Can anyone tell me is it possible to have a OCD over feeling why you feel like you feel but then thats why you feel like you feel?? Lol,

Sorry - ive been trying to work out why i continue to struggle with my memory & awarness symptom its to the point where i can hardly function at all some days, like my brain is locks up rendering me totally lethargic.

Ive noticed im constantly thinking about "it" if im not thinking about it im then thinking im not thinking about it which really is me then still thinking about it,

Its like my mind is locked or obsessed on to it and i cant escape, if i try to watch tv or play with the children anything that takes mind power i find i cant concentrate its there constantly and i cant get away from my concious mind.

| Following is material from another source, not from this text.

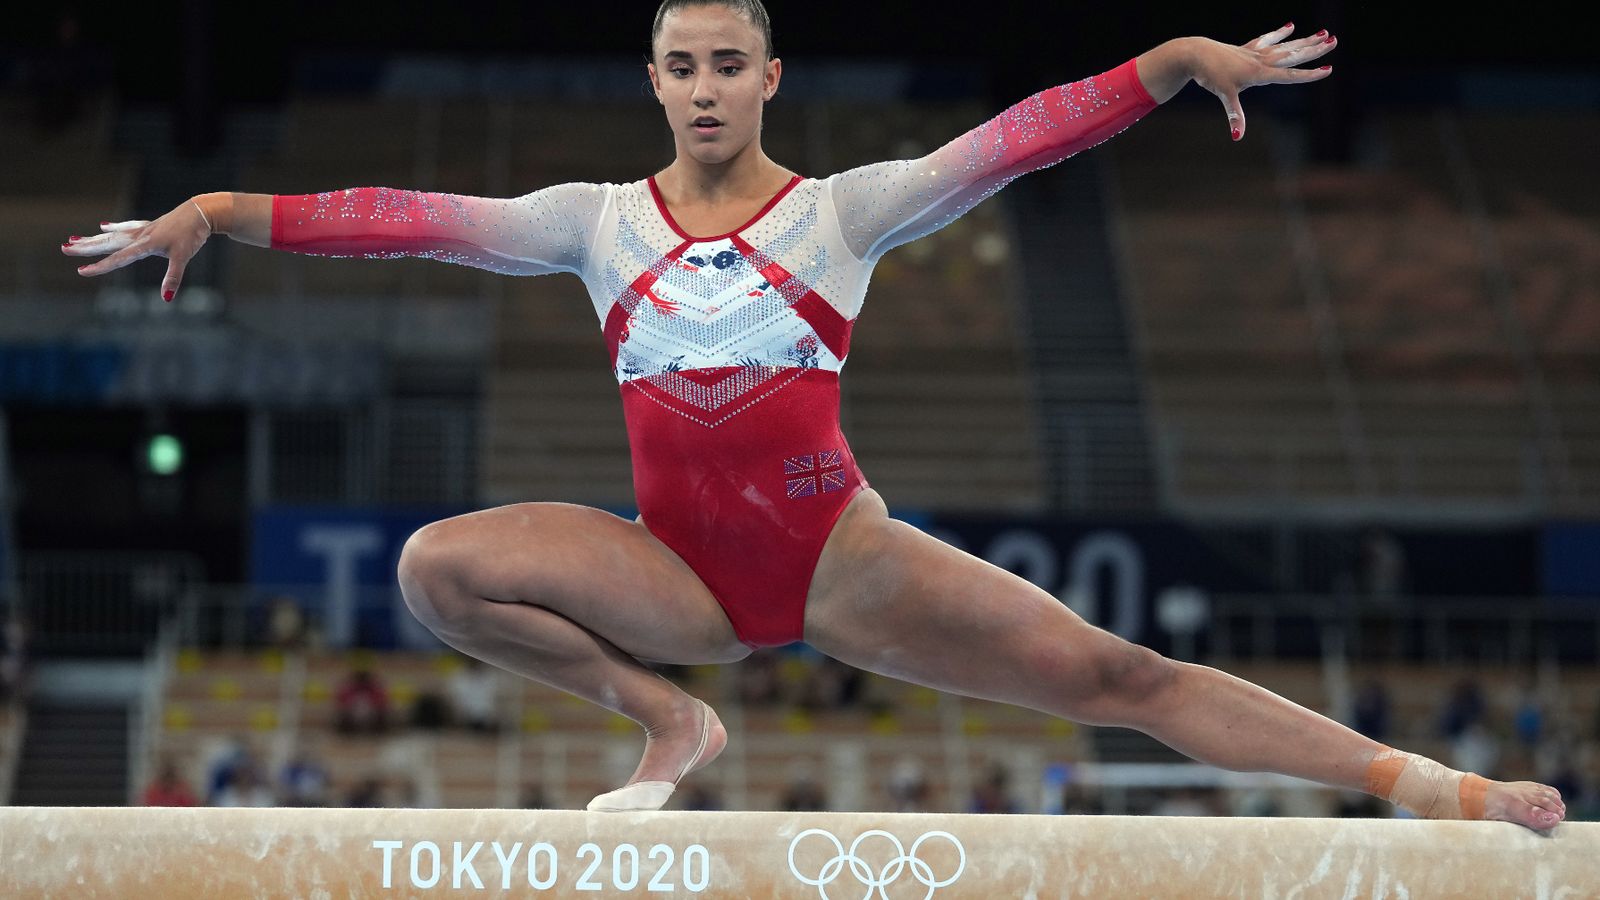 Tokyo 2020 Team GB's women's gymnastics team win Olympic bronze to

It feels like my mind is fatigued up so much it hurts, its tense.
I get lost in my thoughts and i have crazy twisted sensations like my brains getting twisted up and it hurts.

I often think if i didnt know about it then i wouldnt possibly think about it? i dont have any physical symptoms thats whats making me worry is it anxiety retaliated also the twisted horrible sensations like electric shocks scattering around my nurvous system and my brain, it happend yesterday and brought tears to my eyes and i was in public! I hate the locked up feeling its making me feel crazy!! I find it hard to cope.

i feel frustrated, trapped, locked up, lathargic, hopeless and lost.